Charles Wordsworth

Personal information
- Full name: Charles William Wordsworth
- Born: 9 September 1877 Rotherham, Yorkshire, England
- Died: 10 June 1960 (aged 82) Redfern, Sydney, New South Wales, Australia
- Batting: Left-handed
- Bowling: Right-arm medium

Domestic team information
- 1907/08: New South Wales
- 1908/09–1909/10: Otago

Career statistics
| Competition | First-class |
| Matches | 5 |
| Runs scored | 72 |
| Batting average | 8.00 |
| 100s/50s | 0/0 |
| Top score | 19 |
| Balls bowled | 906 |
| Wickets | 16 |
| Bowling average | 25.43 |
| 5 wickets in innings | 0 |
| 10 wickets in match | 0 |
| Best bowling | 3/24 |
| Catches/stumpings | 1/– |
- Source: ESPNcricinfo, 25 February 2024

= Charles Wordsworth (cricketer) =

Australian cricketer

Charles William Wordsworth (9 September 1877 – 10 June 1960) was an English-born cricketer and cricket coach who played in Australia and New Zealand during the early 20th century. He played first-class cricket for New South Wales and Otago between the 1907–08 and 1909–10 seasons.
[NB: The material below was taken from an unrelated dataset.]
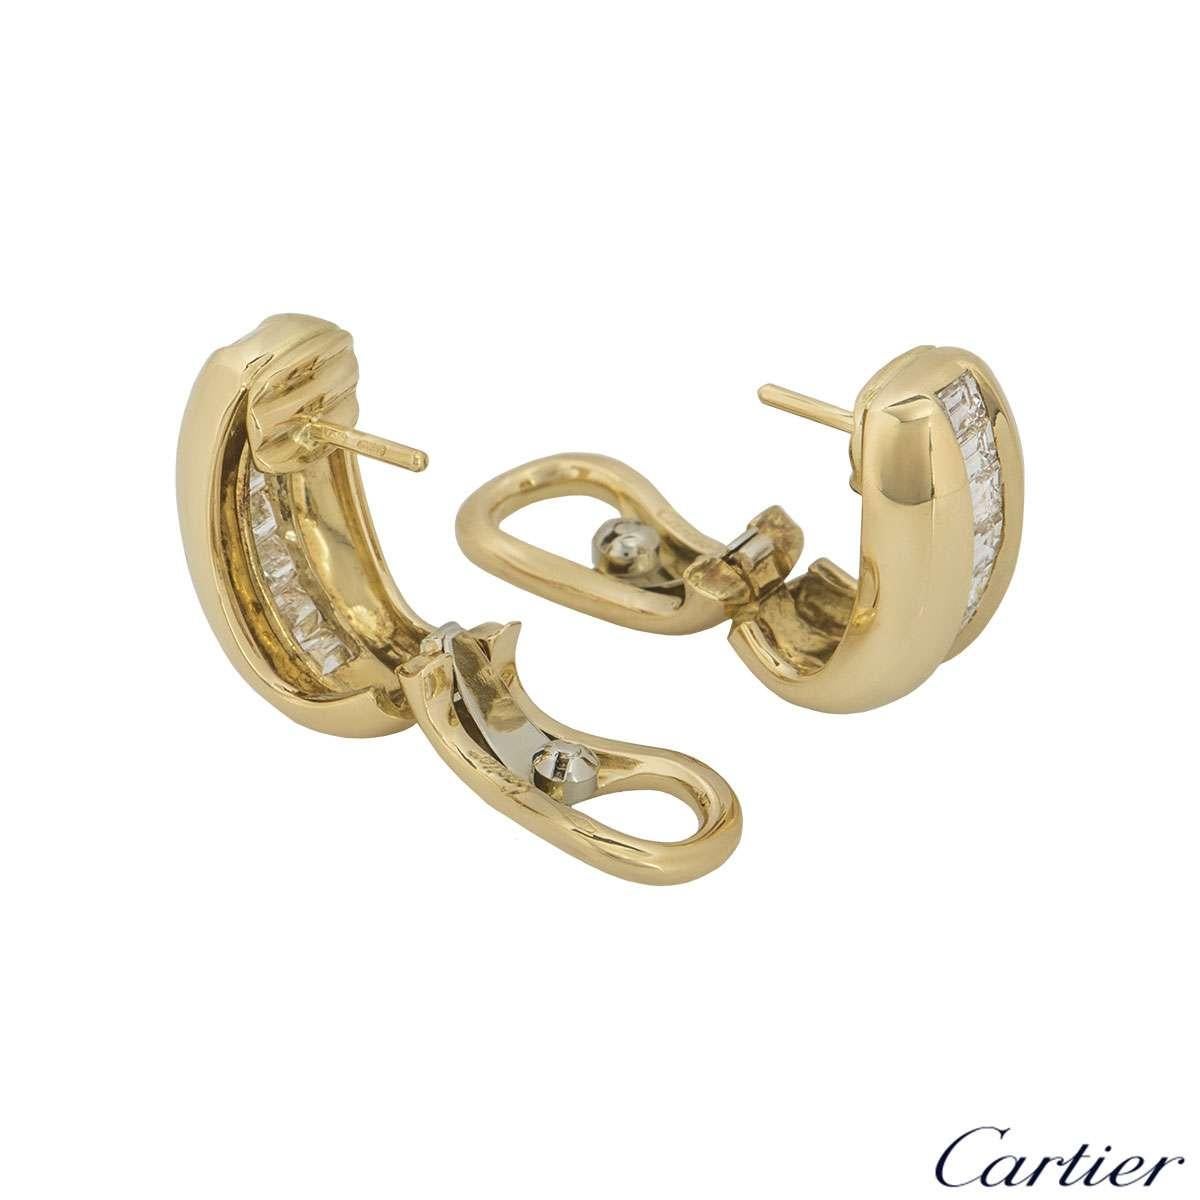 Baguette Cut Cartier Yellow Gold Bombe Diamond Earrings 1.44 Carat

Wordsworth was born at Rotherham in England in 1877. He worked as a baker. Primarily a bowler, he made his first-class cricket debut for New South Wales in a match against Queensland in April 1908, taking four wickets in the match. He played First Grade cricket in Sydney and was described as a "fast-medium to fast right-hand bowler and a left-hand batsman" who was "a fair performer" in Grade Cricket, and had taken seven and eight wickets in two matches during the 1907–08 season. A retrospective view of his career described Wordsworth as "a fast bowler, but an erratic one".

In November 1908 he and another Australian, Francis Ayles, were appointed as coaches by the Otago Cricket Association in New Zealand. Ayles was primarily a batting coach while Wordsworth, who the Otago Daily Times described as having "a reputation as a fast bowler", (Note: Several press sources describe Wordsworth as a fast bowler. Both CricInfo and CricketArchive list him as a medium pace bowler.) coached bowling and acted as a net bowler for practice sessions. The two men primarily coached young players and school cricketers, although they also worked with more established players.

As well as coaching, Wordsworth played club cricket for Albion Cricket Club in Dunedin and appeared in all three of Otago's first-class matches during his first season in New Zealand. He played in the team's only Plunket Shield match of the season, bowling "exceedingly well" and taking five wickets in the match, including dismissing Auckland's opening batsman first ball with "a very fast delivery ... which caught the top of the middle stump". He played against Wanganui―the Otago Cricket Association again praising his consistency bowling in its end of season report― (Note: This match is not considered first-class and CricketArchive has no reference to it in its database scorecards.) and Southland and in first-class matches against Hawke's Bay and Canterbury. He was the team's second leading wicket-taker of the 1908–09 season, taking 25 wickets; he also scored a half-century. (Note: Wordsworth half-century was not scored in a first-class fixture.)

Despite his performances as a player, the Association was unhappy about the way that young players had responded to coaching and had some doubts about Wordsworth's health and fitness due to rheumatism which affected his ability to bowl. He was reappointed in September 1909 for the following season, although Ayles was not. The appointment was criticised by the cricket correspondent of the Otago Witness who suggested that although Wordsworth was a reasonable net bowler, that his abilities as a coach were limited, and that the Association could not afford to pay for just a "ground bowler". In October the Association responded by announcing that Wordsworth had, indeed, been appointed as a ground bowler, although he would take some coaching duties alongside Australian Test cricketer Charlie Macartney who had been persuaded too spend the 1909–10 season in Dunedin by the Association. Wordsworth played in Otago's first first-class match of the season, a December fixture against Canterbury, without taking a wicket. He did not appear in the team's two Plunket Shield matches later in the season. (Note: Macartney, who played 35 Test matches for Australia and was one of the Wisden Cricketers of the Year in 1922, played in all three matches in his only season in New Zealand.)

The season was Wordsworth's last in New Zealand, his performance as a coach judged to be, again, unsuccessful by the Otago Witness, although he played well in club cricket for Albion who he captained during the season. The following season he applied for a position as coach with the Wellington Cricket Association but was unsuccessful. After returning to Australia, he continued to play and coach cricket. By 1921 he was serving as a net bowler for the Australian I Zingari club at Rushcutters Bay near Sydney, although by this time he was reported as bowling slower than he had due to a knee injury.

Wordsworth died at Redfern in Sydney in 1960. He was aged 82.